Click here to read The Daily Tar Heel’s coverage following the assassination.
Click here to read a column written by UNC alumnus Timothy Reardon on the 25th anniversary of the assassination.
Halfway down the stairs leading from the Daily Tar Heel offices to the ground floor of Graham Memorial was a landing with a television. Jim Wallace stopped for a moment to glance at the screen, taking in Walter Cronkite’s solemn face.
Wallace needed to get to Franklin Street quickly to photograph mourners for the next day’s paper, but he paused. He stood listening long enough to hear Cronkite say the words that everyone in the DTH newsroom had been stuck on for minutes — the president is dead.

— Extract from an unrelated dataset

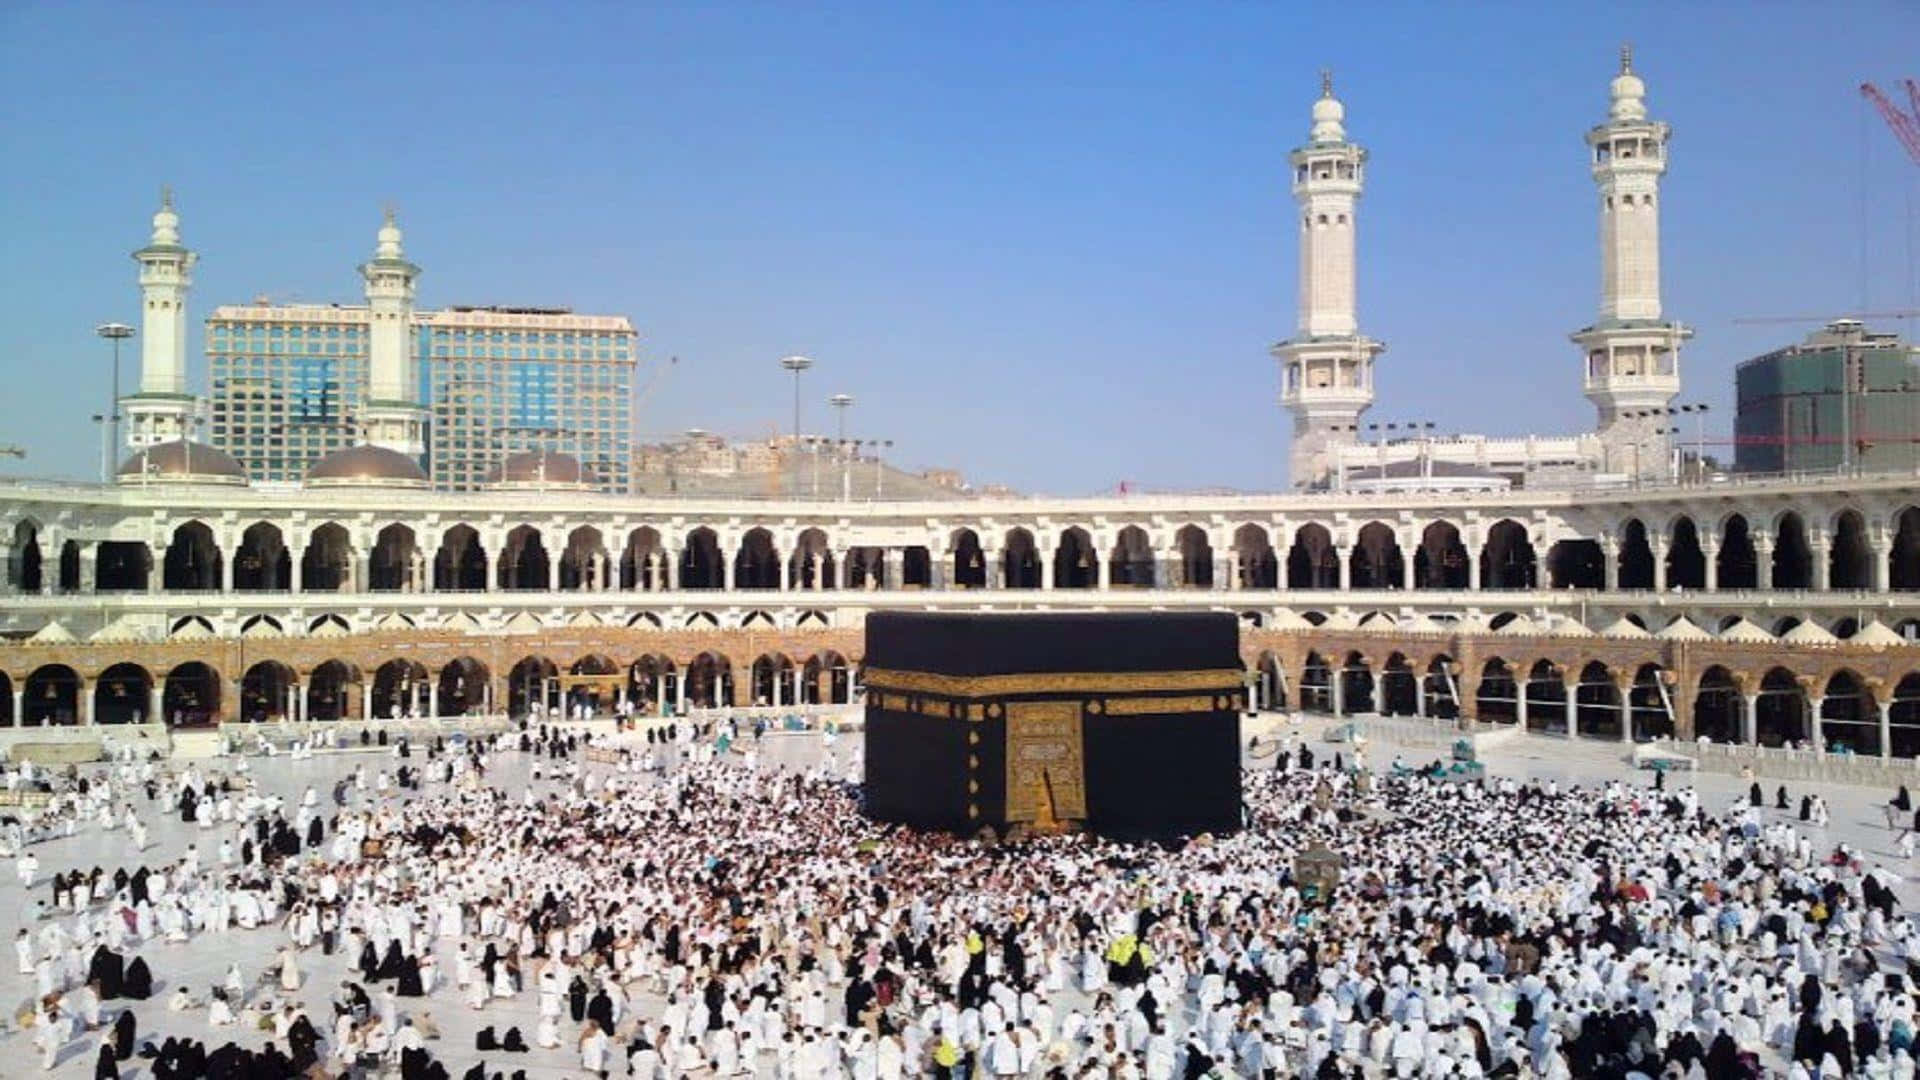 Umgrande Grupo De Pessoas Está Em Pé Ao Redor Da Kaaba.
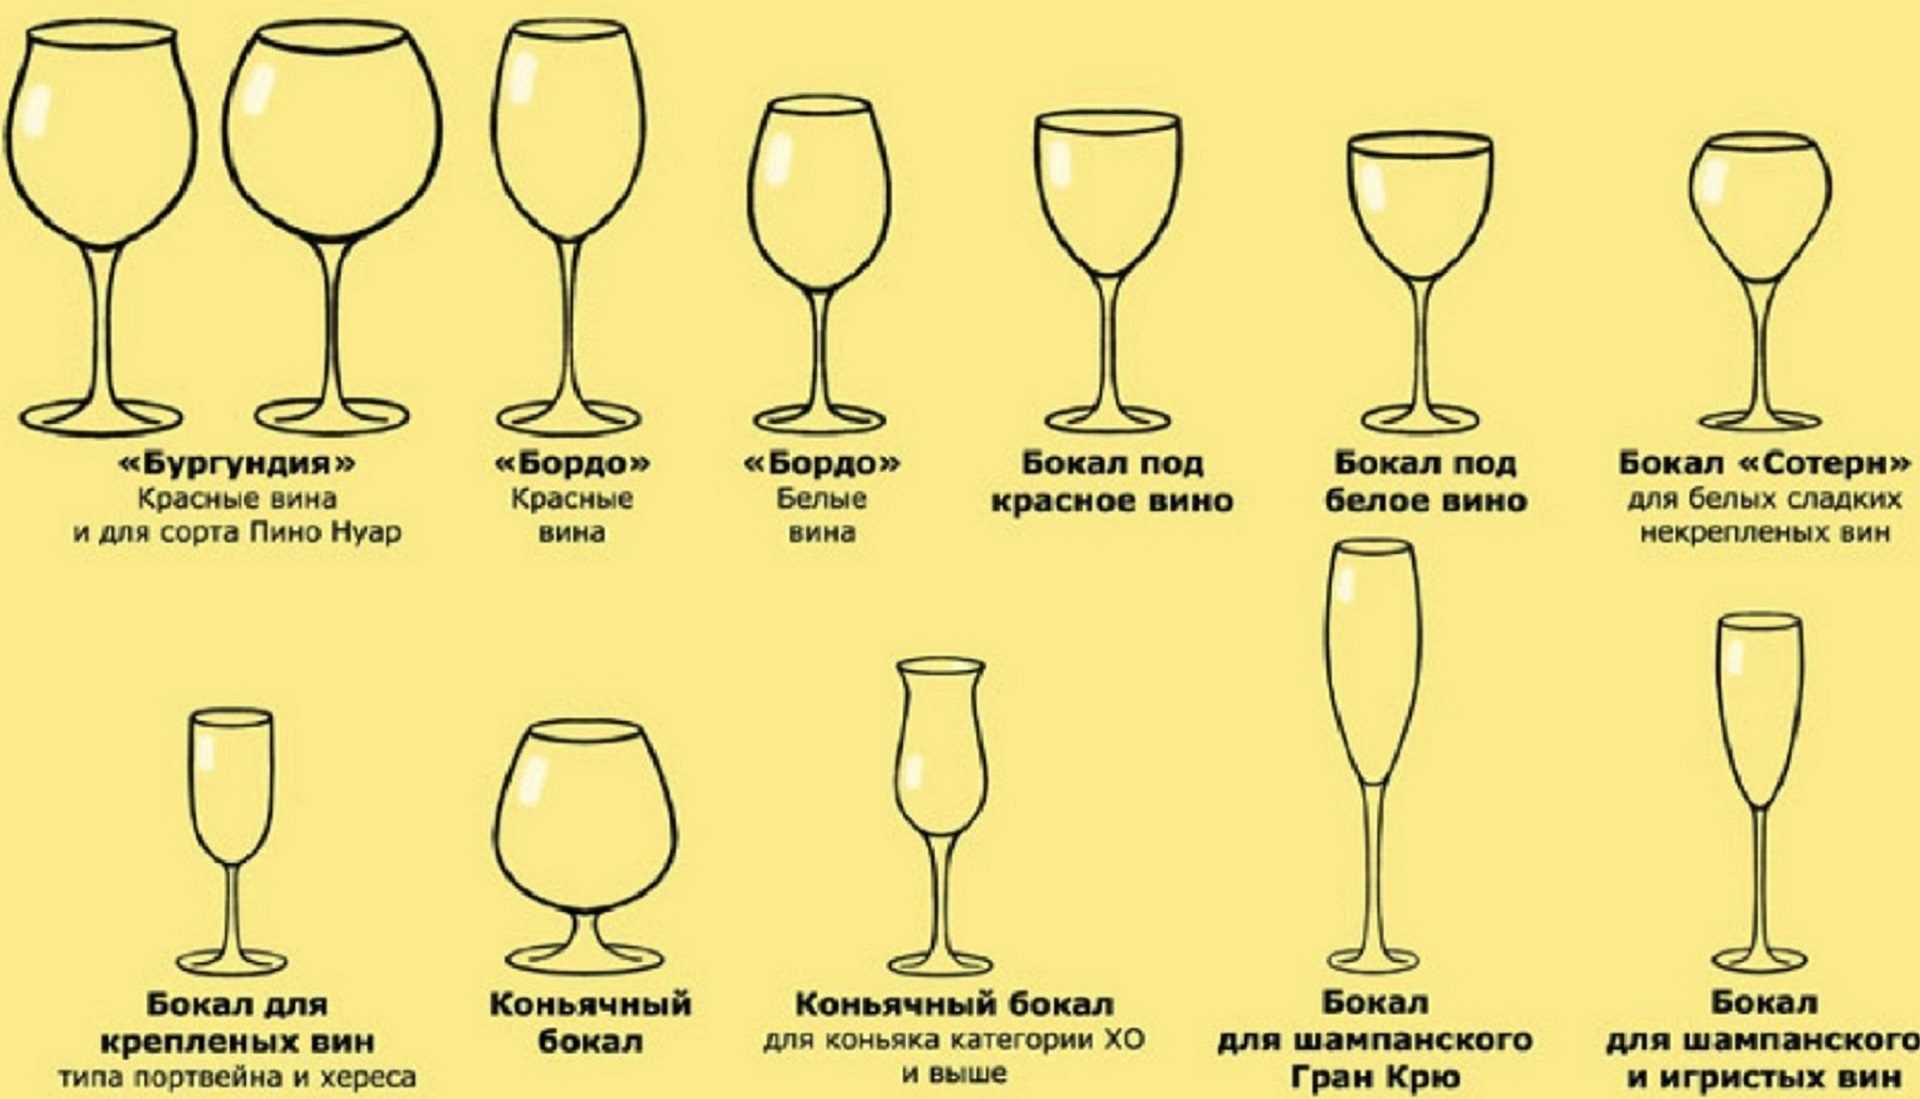 Как правильно сервировать и подавать вино

When shots rang out in Dealey Plaza on Nov. 22, 1963, the ringing didn’t stop in Dallas. That afternoon, journalists across the nation — and at UNC — scrambled to rewrite newspapers while coping with their own grief. Whether or not they stayed journalists in their lives after the assassination of John F. Kennedy, those who covered his death still recall the urgency of that day 50 years later.
Gary Blanchard — along with David Ethridge, one of The Daily Tar Heel’s two co-editors in the fall of 1963 — found out about the assassination in the newsroom.
“I remember I was up in the office of the Tar Heel on the second floor of Graham — at the time it was the Student Union,” Blanchard said. “And as we watched (the television), the words came across: ‘Dallas, Texas, 1:06-or-something p.m., the president has been shot.’ We were so stunned. Things just began to be a big rush after that.”
For Blanchard and everyone at the paper that day, the next several hours were a blur of rapid-fire questions: “What do we put on the front page?” “Was it Cuba or Russia?” “Do we have pictures on file of Kennedy?” “How many shooters were there?”
“What happens next?”
When Wallace returned to the newsroom from Franklin Street, his camera full of images of Chapel Hill’s grief, Blanchard and Ethridge told him it would be one of his old pictures that would run on front the next day.